County brings Vero Beach to table for utility summit

By Michael Bielecki

VERO BEACH — Indian River County Commission Chairman Wesley Davis got his wish Tuesday, when the Vero Beach City Council agreed to attend a utilities summit on Oct. 15.

After months of meetings and back-and-forth comments about broaching the topic of utility consolidation, Davis decided to take his case directly to the council, where he faced a tough crowd. Overcoming the prejudice held by some of the council against past members of the County Commission, the council finally agreed to attend by a vote of 3-2 with Vice Mayor Tom White and Councilman Bill Fish dissenting, on the grounds that the meeting was premature and should have been postponed until more information could come to light.

The purpose of the 9 a.m. meeting at the Richardson Center is to discuss the consolidation of city and county water and sewer utilities. Indian River Shores will attend as the town is researching its options for utilities after its franchise agreements with the city expire in October 2016. Fellsmere, too, has been invited but for reasons of creating a partnership with the city to provide water services to annexed lands east of Interstate 95 which are slated for development in coming years.Most of the meeting’s subject matter will concern water, sewer, and irrigation utilities.

“It boils down to which is the best way to move forward,” said Davis. “Is consolidating the answer? I’m not sure, maybe leaving it status quo is the best we can do? That’s the nature of the meeting we’re having.”

Davis was bold in telling the city council that he would hold the meeting without representation from them if they decided not to come.

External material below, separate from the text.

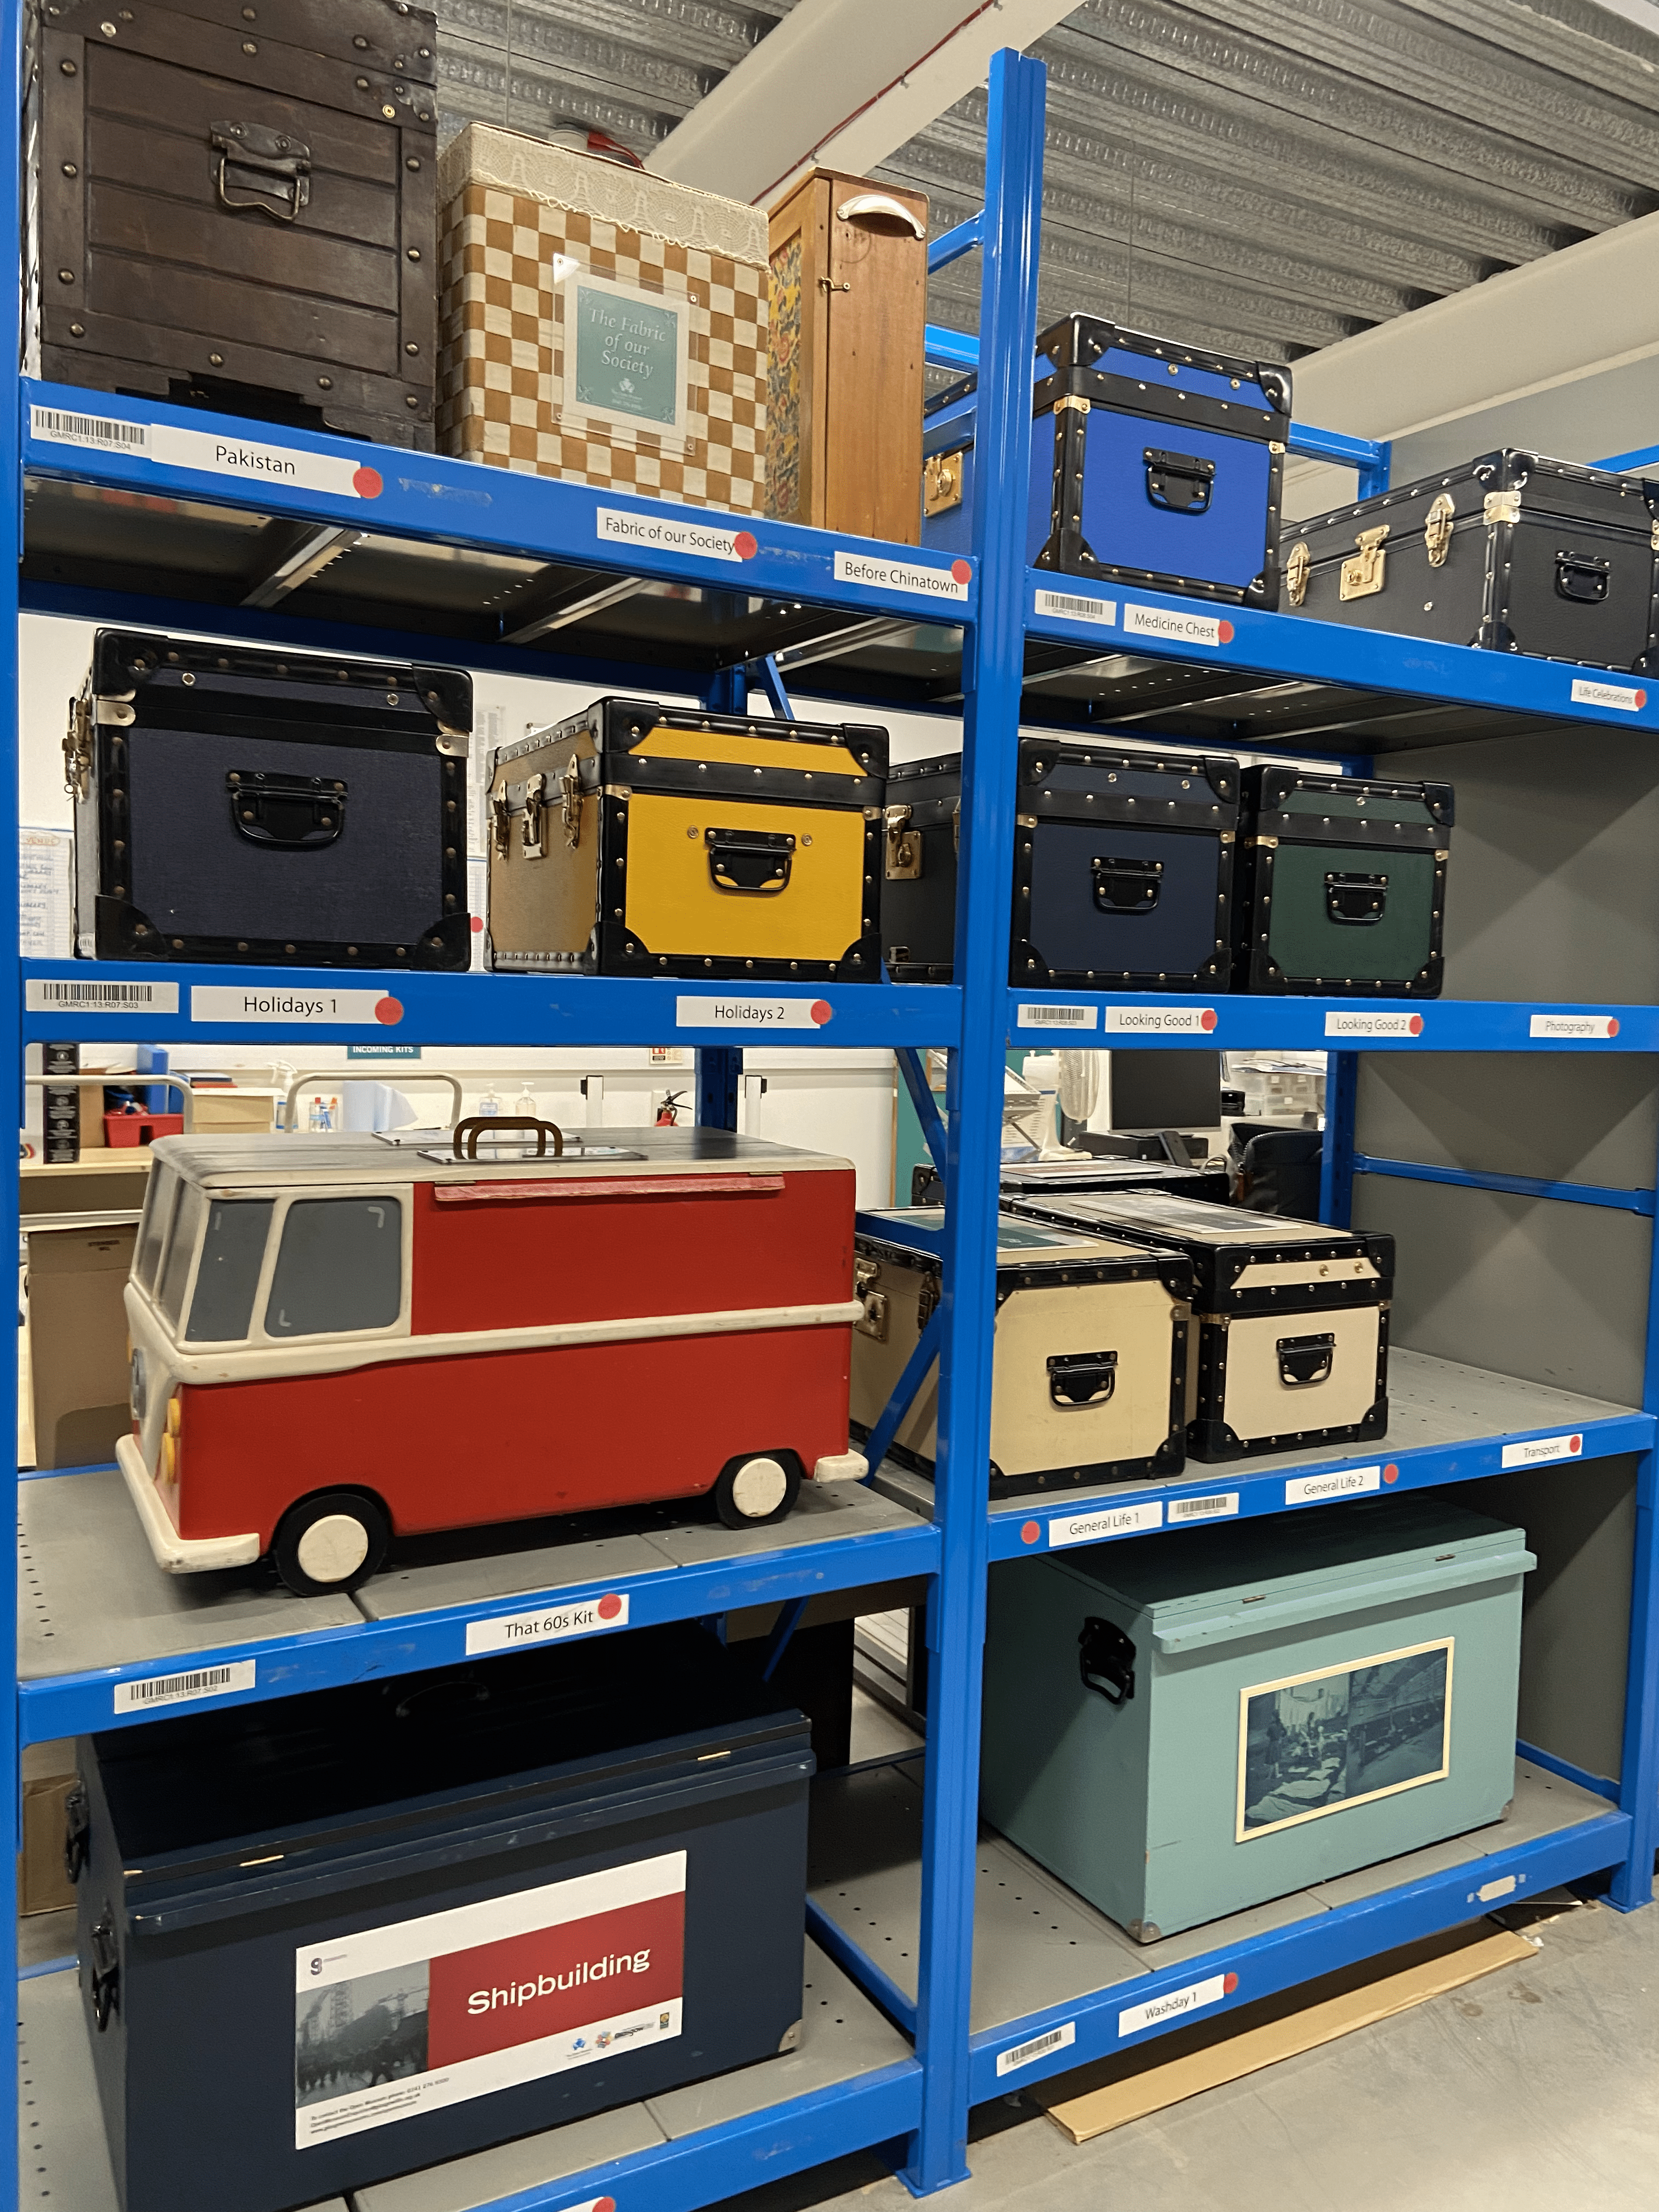 Glasgow Museums travelling exhibition kits on their shelves
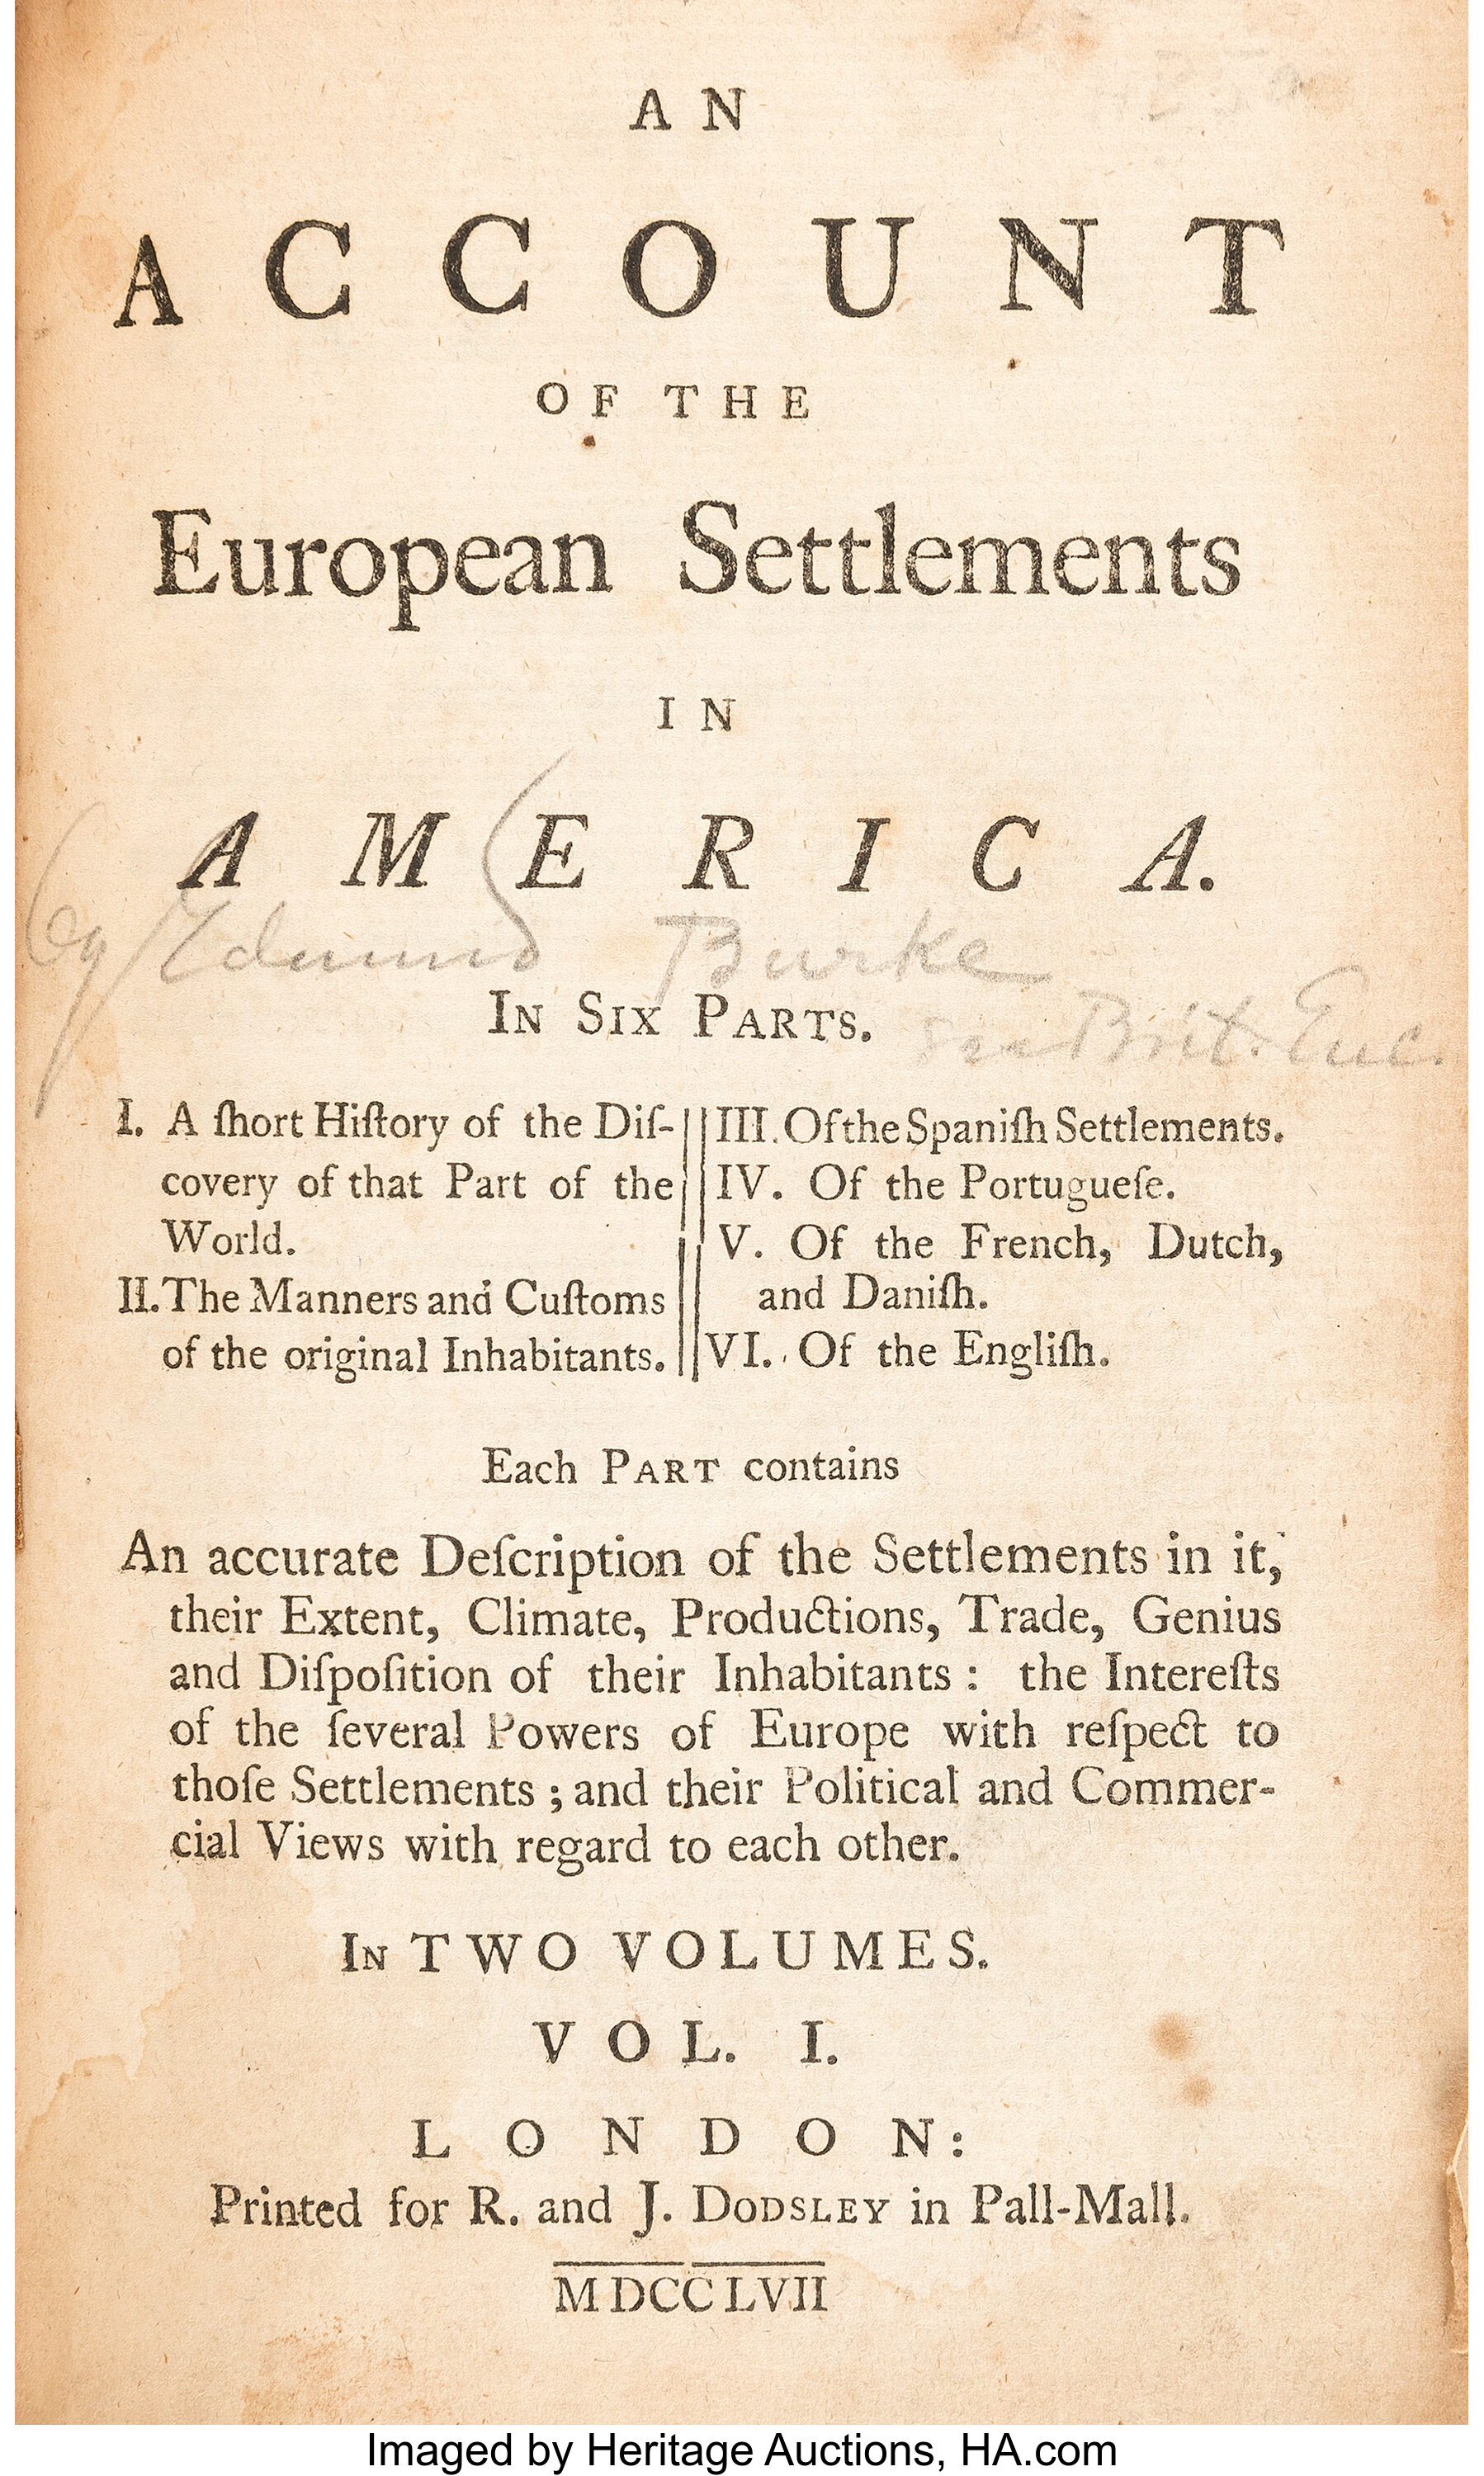 Edmund Burke An Account Of The European Settlements In America Lot Heritage Auctions

“I can’t imagine them holding a meeting without us,” said Debra Fromang. “The timing is unfortunate from our perspective, but I don’t think we have any choice but to go and make sure our questions are asked and answered. We need to get a serious list of questions together for this meeting.”

City Manager Jim Gabbard vowed to work hard over the next two days to gather up information to prepare the council for the meeting. Davis promised to arrange for a large packet of documents to be provided to council members by Wednesday, “everything we have,” he said, would be shared with city officials.

“The people at this meeting will want to hear from us,” said Gabbard. “They want to hear what our thoughts are. From what Wesley told us tonight, our involvement at this point will be limited, and they aren’t looking for a set commitment.”

Frustrated with the fact that he approached then-Commission Chair Sandra Bowden two years ago and was left hanging because the county had no extra capacity to serve city customers, Mayor Sabe Abell admitted grudgingly that a cooperative venture could be a possibility. Since then, the county has made major investments in the infrastructure of the utility system to accomodate growth which never materialized due to the recession and the real estate downturn.

“Two years ago we threw this out there to the County Commission and it didn’t get answered,” said Abell. “I think it’s totally inappropriate that the County Commission schedule a meeting that involves a big issue with Vero Beach without getting our opinion on the meeting. The problem has not been us. Vero Beach would spend up to $58 million if we agree to do this.”